Unseres Gottes herrlichstem Kirchenbau. Warnungen, nicht alleine loszugehen, schlug ich lachend in den Wind. Kraftstrotzend strebte ich dem Brandbergkolmberg, östliche vom Mayerhofen, entgegen.
Der Rest meiner Sippe röstete sich derweilen im Finkenberger Freibad, während mein Vater, wie immer im Urlaub, aus Zirbenwurzeln lustige Gesichter heraus schnitzte. Nö, solche Urlaubsvergnügen waren mir zu dumm. Ich fühlte mich doch als den wahren Helden, der sich allein in die wilde Bergwelt aufzusteigen traute.

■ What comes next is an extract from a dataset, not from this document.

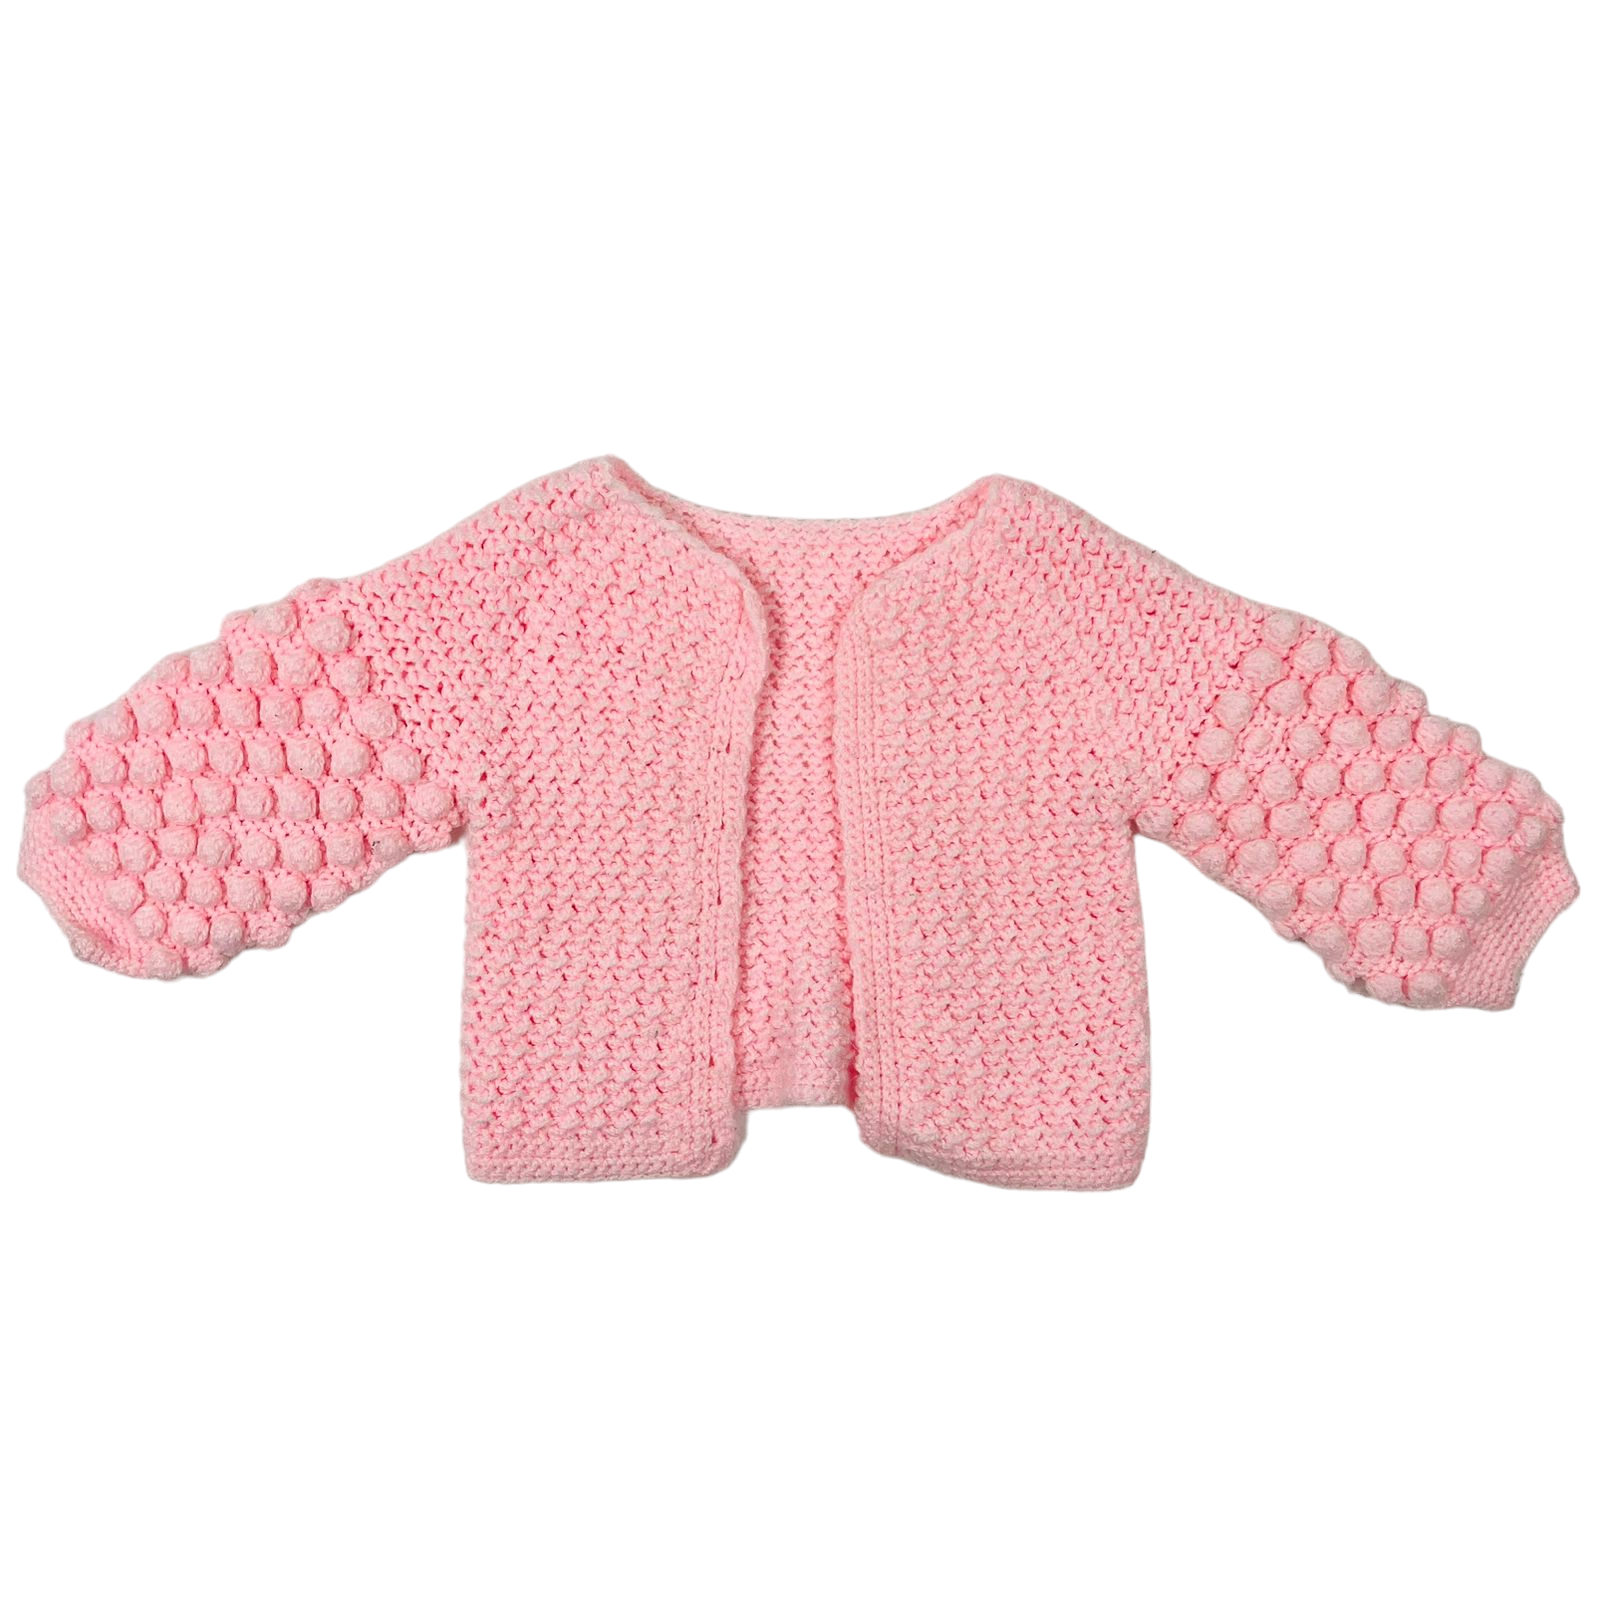 Chaleco lana rosa con diseños de pelotitas

Als ich den Gipfel erreicht hatte, da war ich
nicht alleine dort oben. Nö! Fröhlich vespernd saßen da nämlich zwei bejahrte katholische Ordensschwestern. Als sie mich bemerkt hatten riefen sie mir den unvergleichlich einladenden Gruß zu:
„Gelobt sei Jesus Christus.“
Einen kurzen Augenblick brauchte ich schon, um meine schwere Enttäuschung zu besiegen. Zwei „
alte Weiber“ waren vor mir
oben angekommen. Grausig das. Die Enttäuschung dauerte aber nur Bruchteile von Augenblicken an. Denn ich hatte Durst und nichts zum Trinken. Hunger und nichts zum Essen. Also antwortete ich kleinlaut:
„In Ewigkeit, Amen…!“
Die beiden Nonnen müssen meinen desolaten Zustand rasch erkannt haben. Denn sie luden mich freundlich ein, mich zu ihnen zu setzen und mit ihnen zu vespern. Denk mal, die hatten sogar ein Schnäpschen dabei. Unglaublich – oder?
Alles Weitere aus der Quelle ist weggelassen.